* DATASET RECORDS
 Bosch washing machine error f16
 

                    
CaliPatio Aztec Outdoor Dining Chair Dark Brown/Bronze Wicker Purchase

...

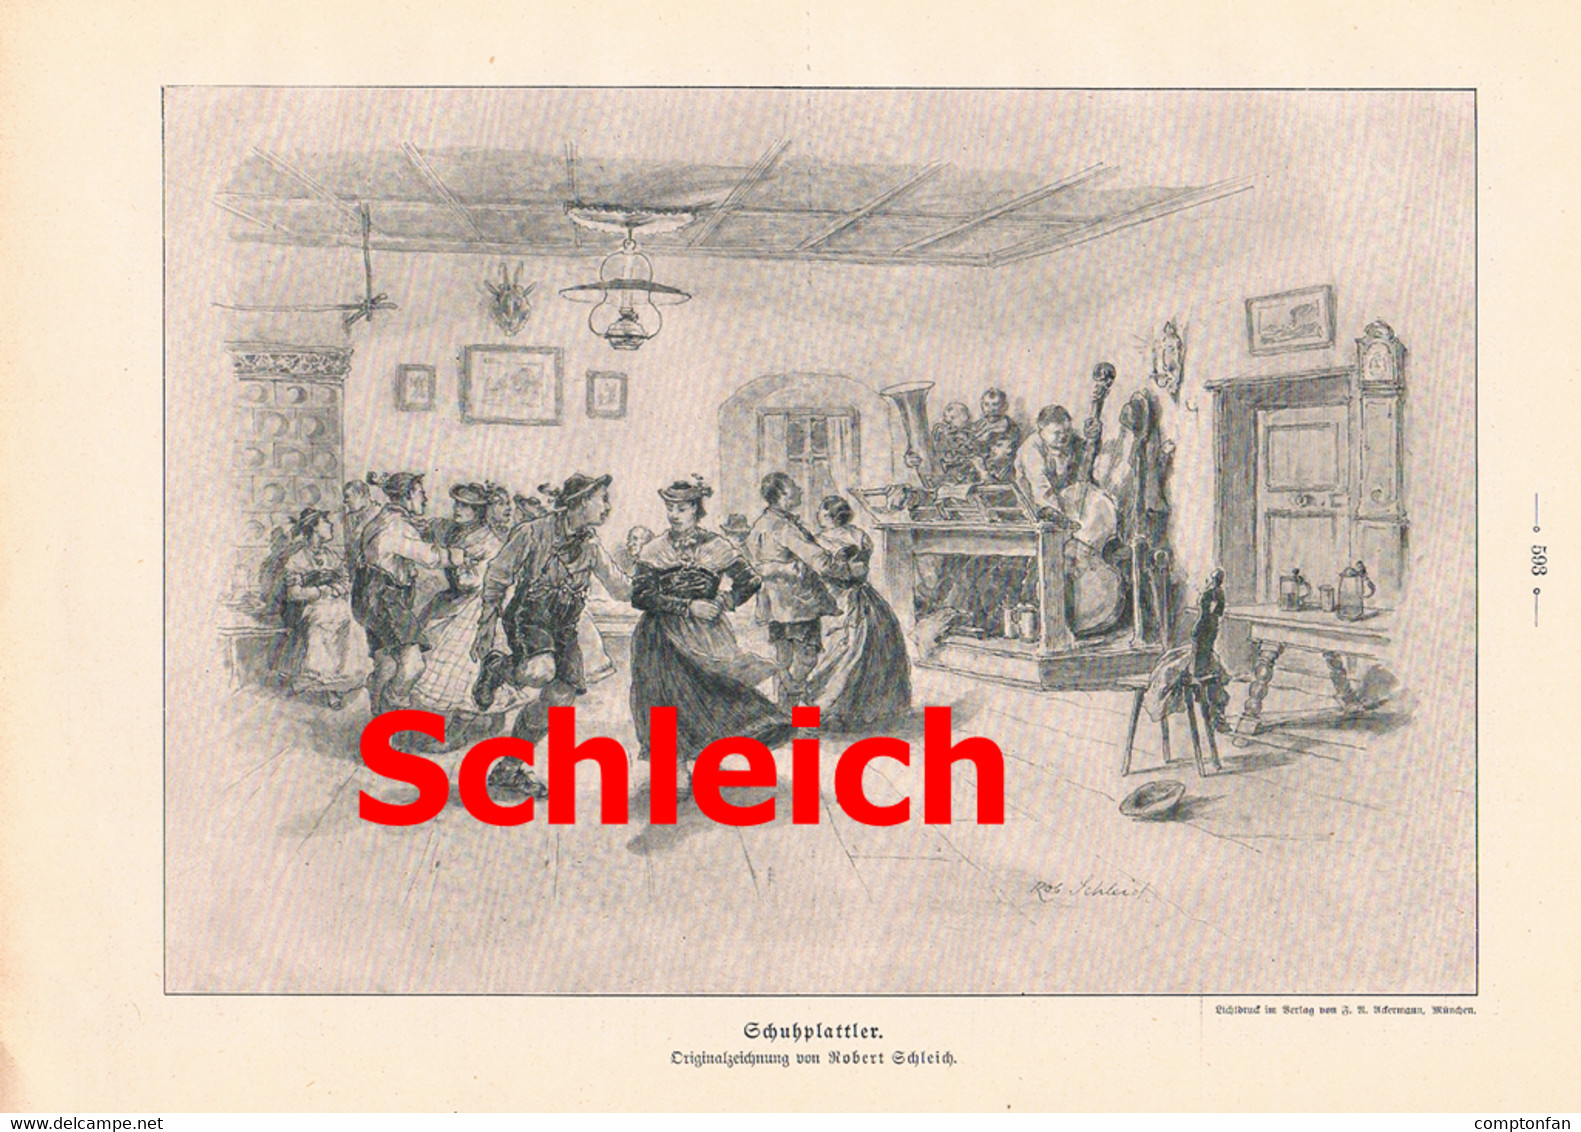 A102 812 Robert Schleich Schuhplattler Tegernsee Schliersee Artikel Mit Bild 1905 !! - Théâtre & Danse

* * *

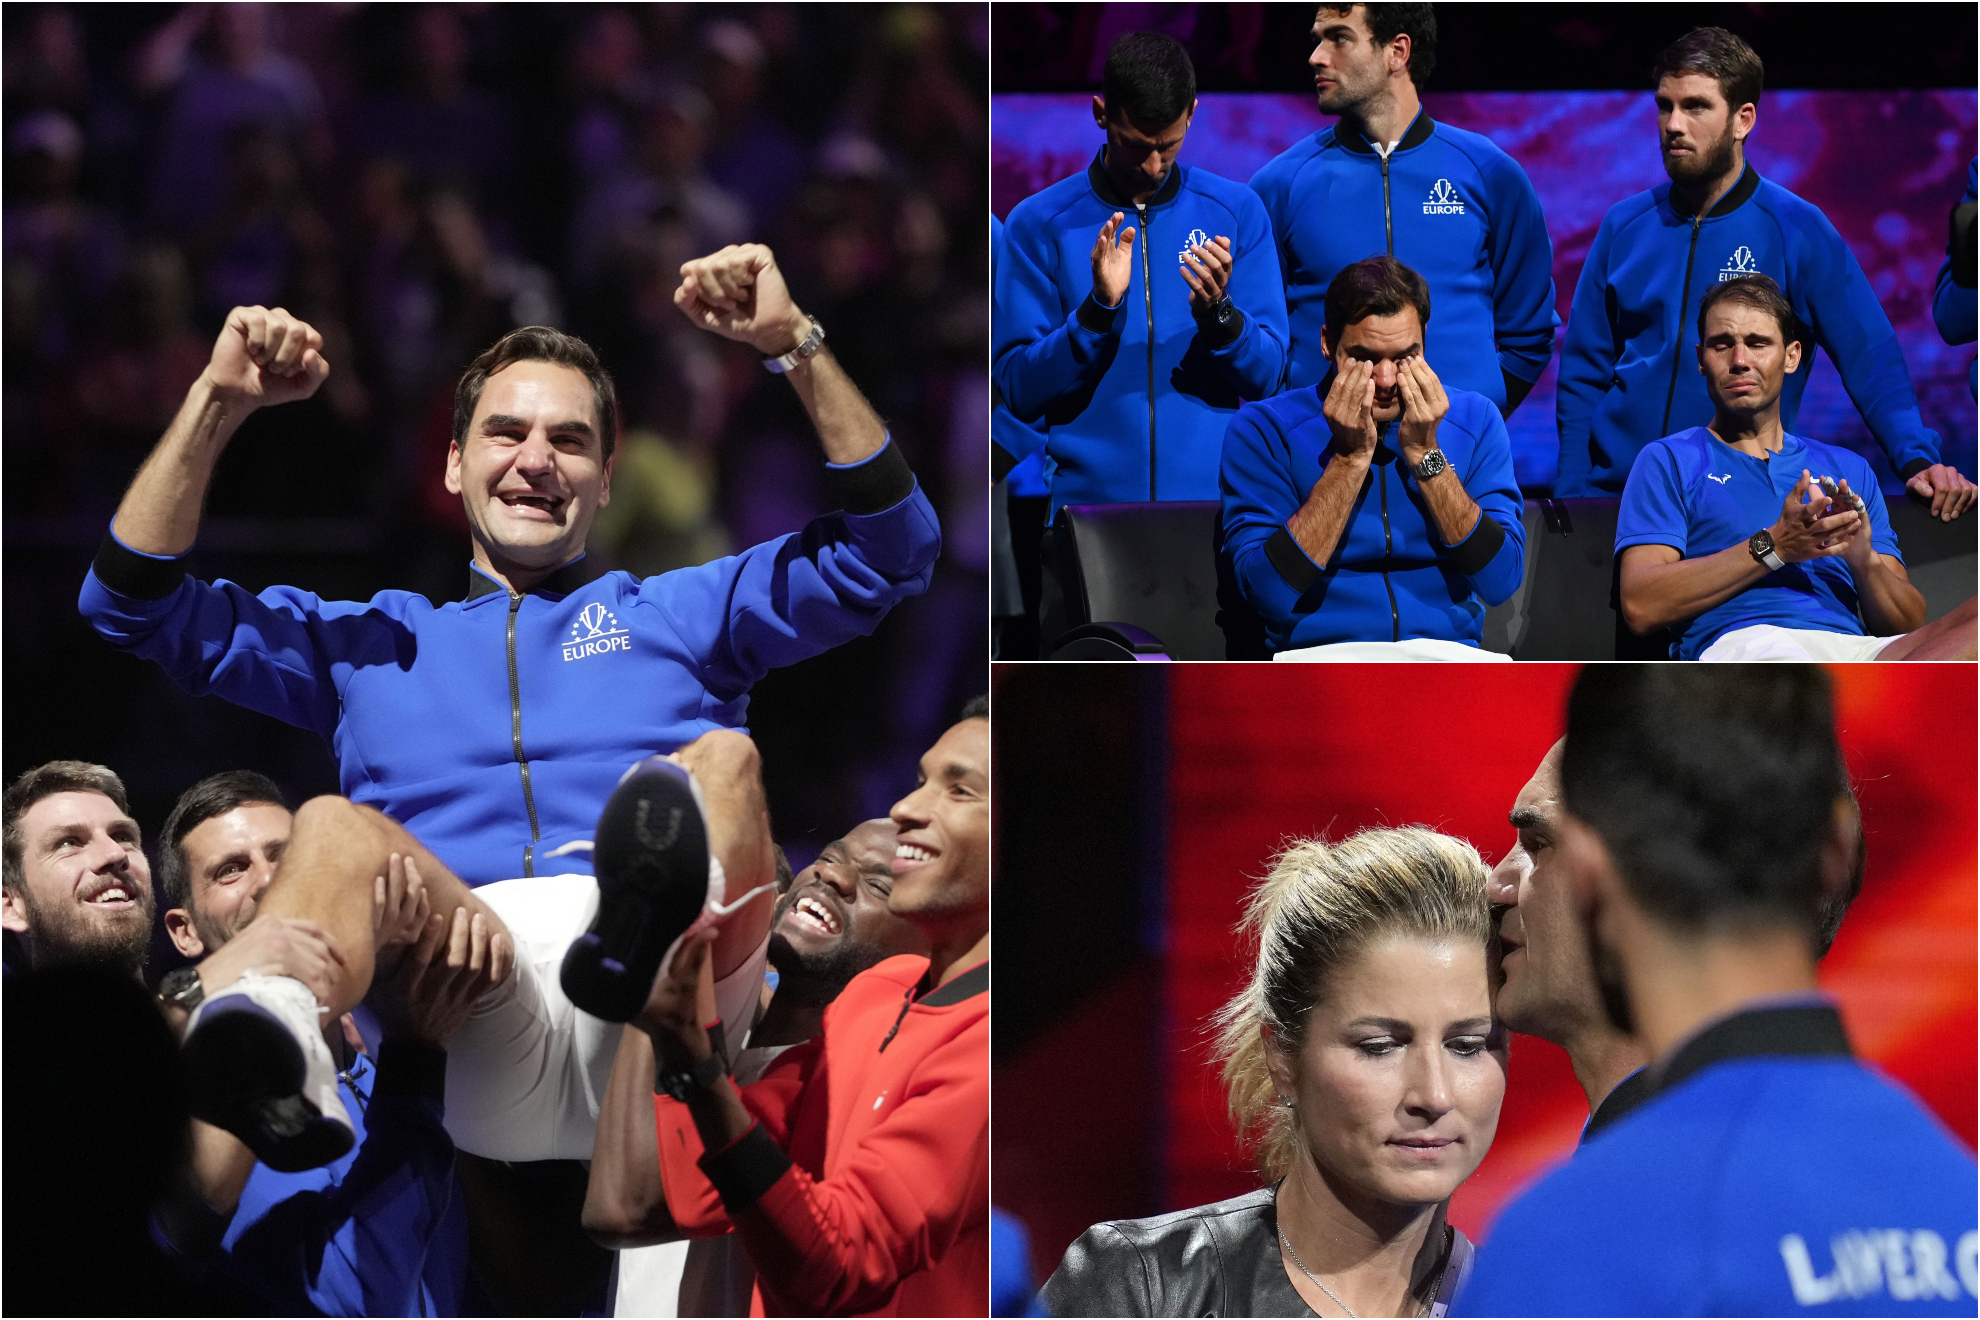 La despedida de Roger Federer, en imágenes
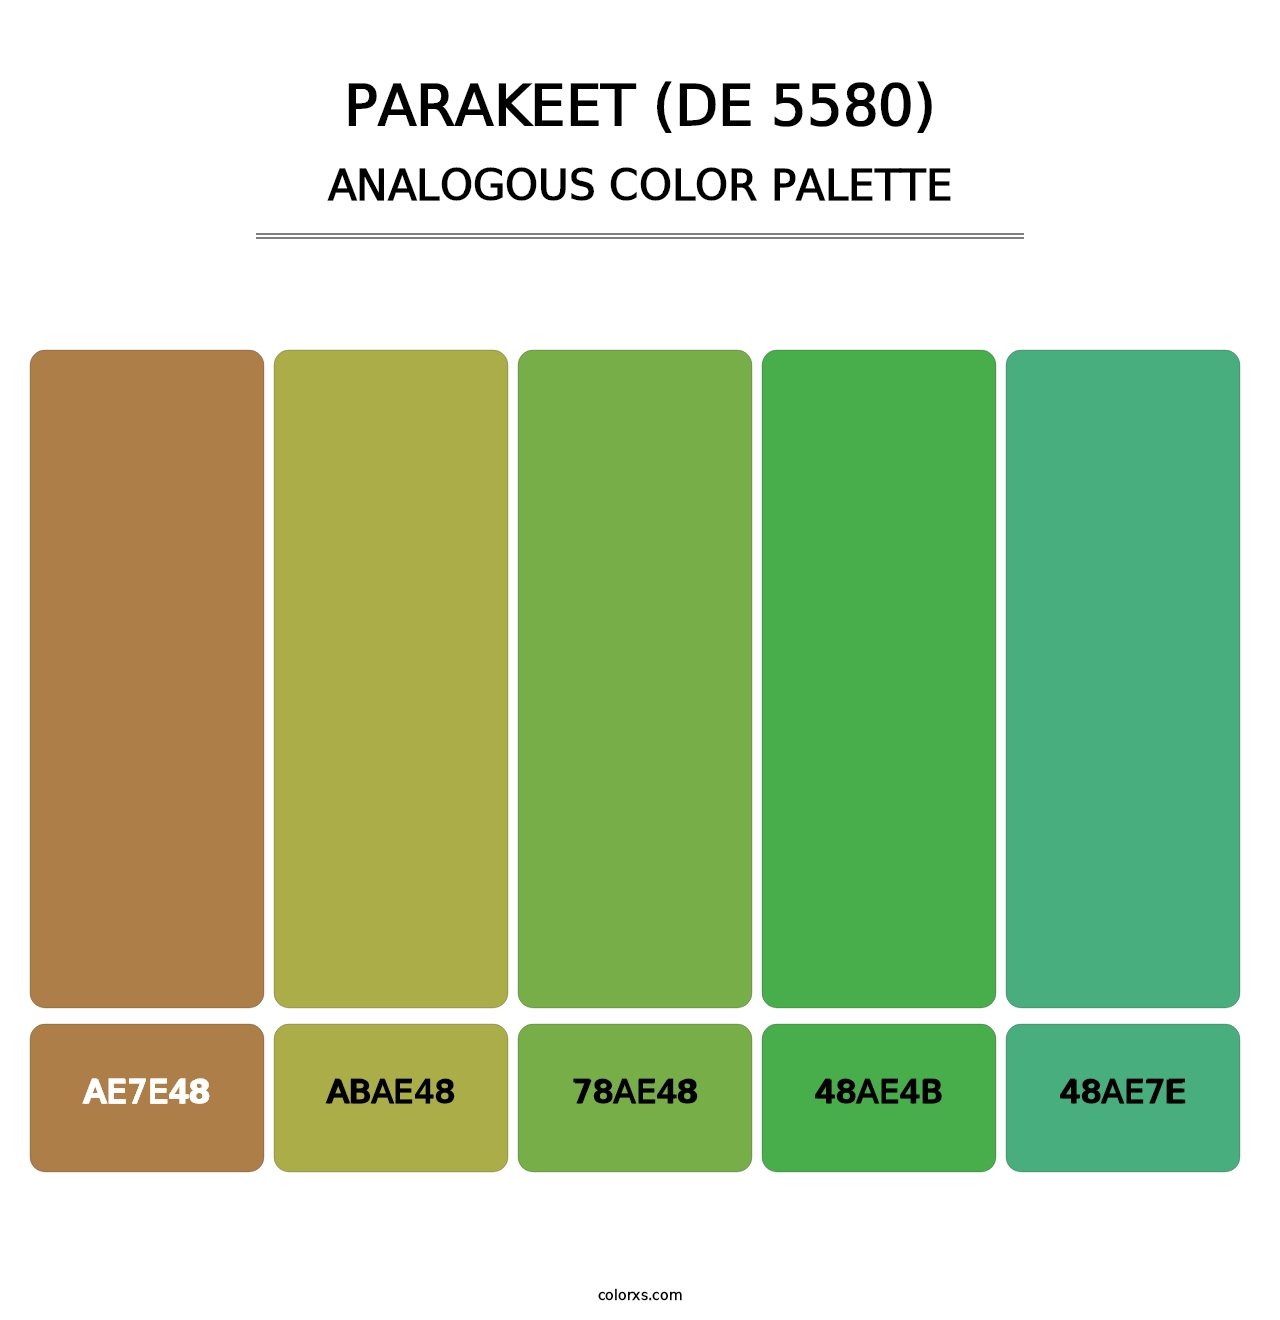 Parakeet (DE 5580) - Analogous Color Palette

* REQUIREMENT
Retype only the lines above from the one with "La despedida de Roger Federer, en imágenes" through the one with "Parakeet (DE 5580) - Analogous Color Palette", exactly and with both ends. Images stay out.

* RESPONSE BOX
 La despedida de Roger Federer, en imágenes
 Parakeet (DE 5580) - Analogous Color Palette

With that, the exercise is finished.